We did !  I hate walking round here, it's so blooming boring - no really nice front gardens - most people in our road seem to have block paved their front gardens and virtually every house is uPVC double glazed with boring white front doors to match, so not even a nice paint job or a really nice wooden front door to look at !

We walked approx. 2 miles  (OK not far, but the pavement slopes down towards the road so that makes it quite hard work!) and saw one bloke with a dog, all the time we were out.

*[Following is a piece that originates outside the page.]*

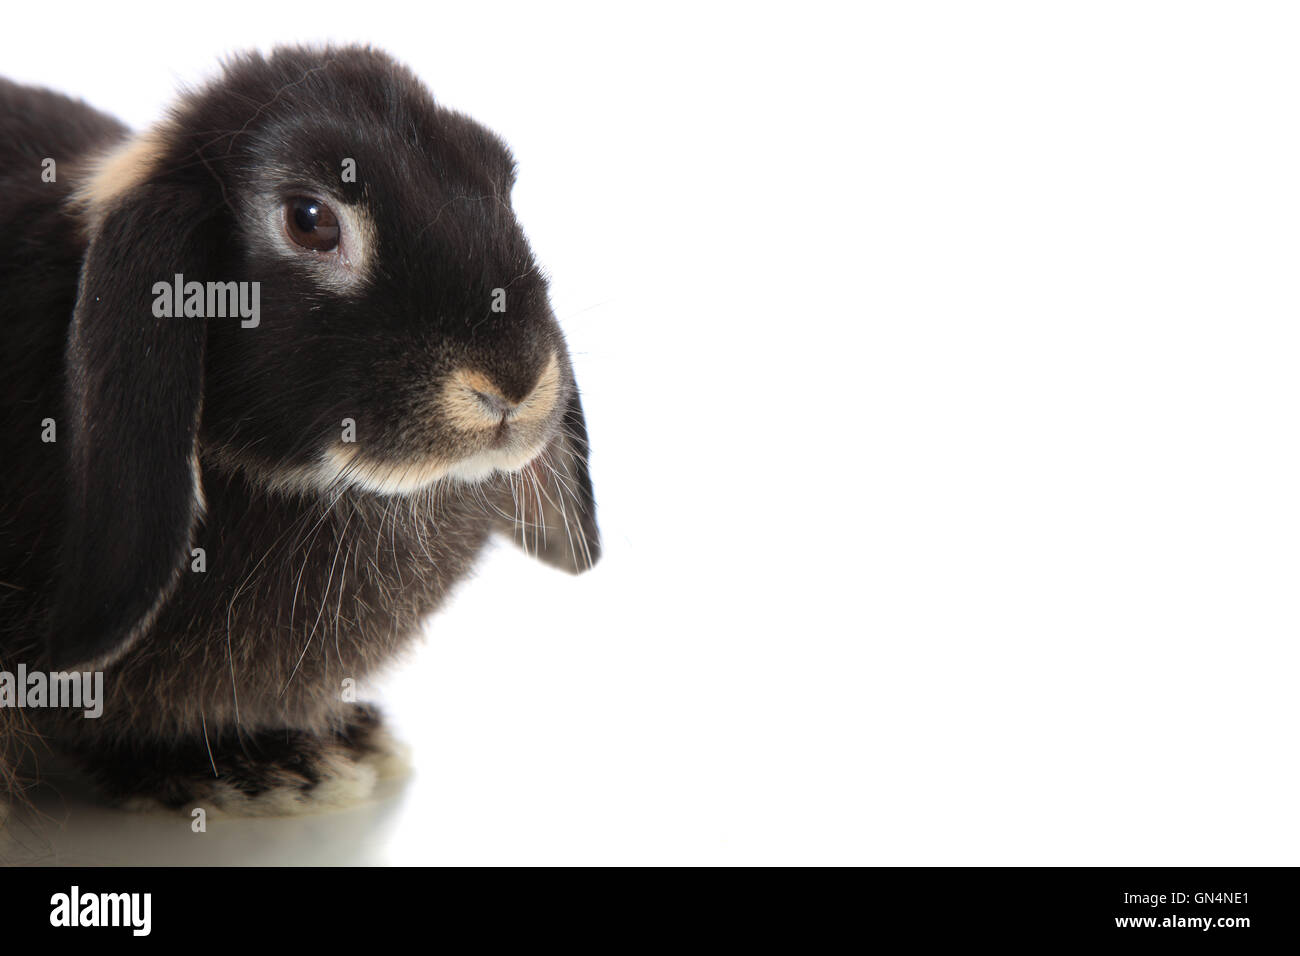 Black rabbit - Stock Image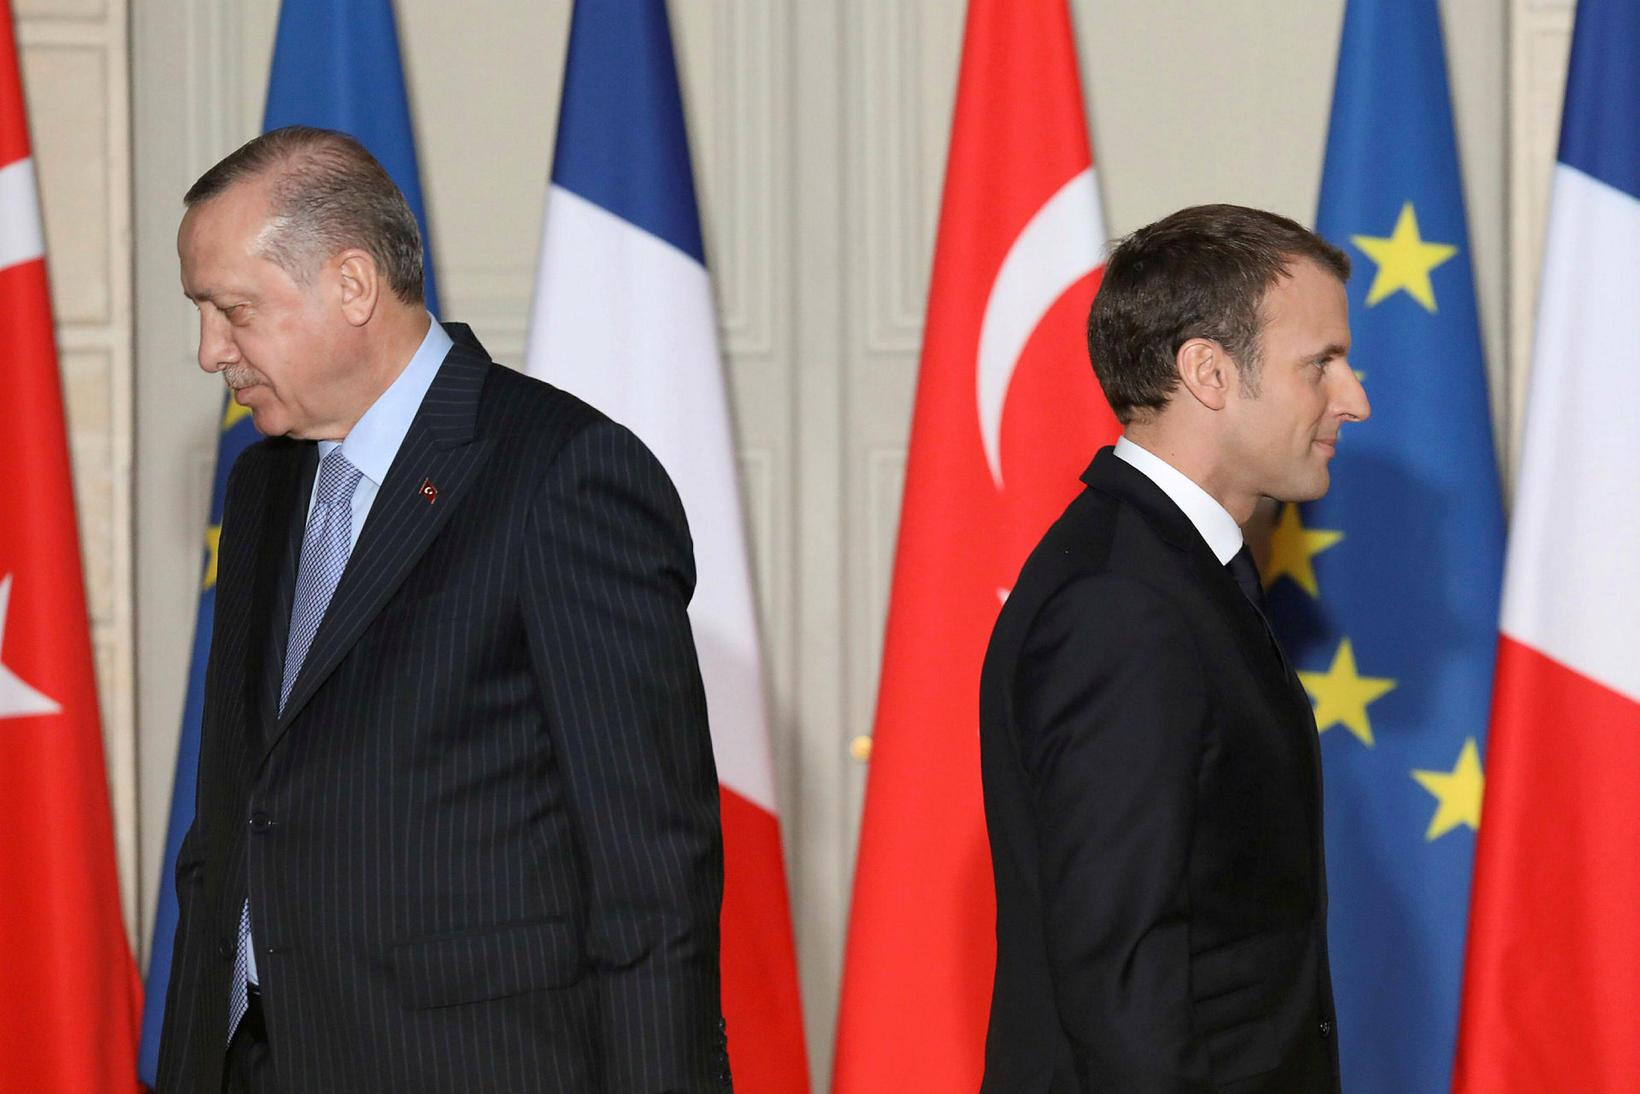 Recep Tayyip Erdogan Tyrklandsforseti og Emmanuel Macron Frakklandsforseti snúa baki …

But it was 2 miles further than either of us has walked for AGES, so it's a start !


----------



## HOBIE (Jun 30, 2014)

Good stuff Tw !  You cant beat getting out in the fresh air.  Its the summer I think


----------



## Laura davies (Jun 30, 2014)

I have walked more than ever this past few weeks its free, good for you and blows the cobwebs away


----------



## HOBIE (Jul 3, 2014)

Need a rest  Was up at 5am yesterday. Drove to Leeds, worked very hard all day (Rewire) & got in the door 11pm. Well goosed to day. Spent all day going up & down ladders & under floorboards.     Still think I am 20


----------



## Northerner (Jul 3, 2014)

HOBIE said:


> Need a rest  Was up at 5am yesterday. Drove to Leeds, worked very hard all day (Rewire) & got in the door 11pm. Well goosed to day. Spent all day going up & down ladders & under floorboards.     Still think I am 20



Blimey! You need to slow down a bit Hobie!


----------



## Laura davies (Jul 3, 2014)

Blimey Hobie i think you are 20 hee hee!


----------



## HOBIE (Jul 3, 2014)

Feel like I have done that type of thing for to long. When I was in my twenties I used to get up at 4am & be working in Oxford st London at 9.30am. There 3 days then go home. Drove there & back  by self no bother. NOT being 20 anymore is the problem   One of the pleasures of being self employed


----------



## HOBIE (Nov 9, 2014)

Short walk today there & back for remembrance day, Weather perfect


----------



## trophywench (Nov 9, 2014)

Good for you Hobie; we have our march and service on Tuesday, the 11th of course.  Sadly less and less of the WW veterans every year of course and you can't get near the War memorial - but it's still always very well attended.


----------



## HOBIE (Nov 9, 2014)

There was a couple of Forces blokes there & I made sure I shock there hands. & it was a perfect day for a walk out  Thanks TW


----------



## HOBIE (Nov 9, 2014)

Just read that Laura ! My head feel like 20 but


----------



## HOBIE (Nov 23, 2014)

Short walk this morning, No rain


----------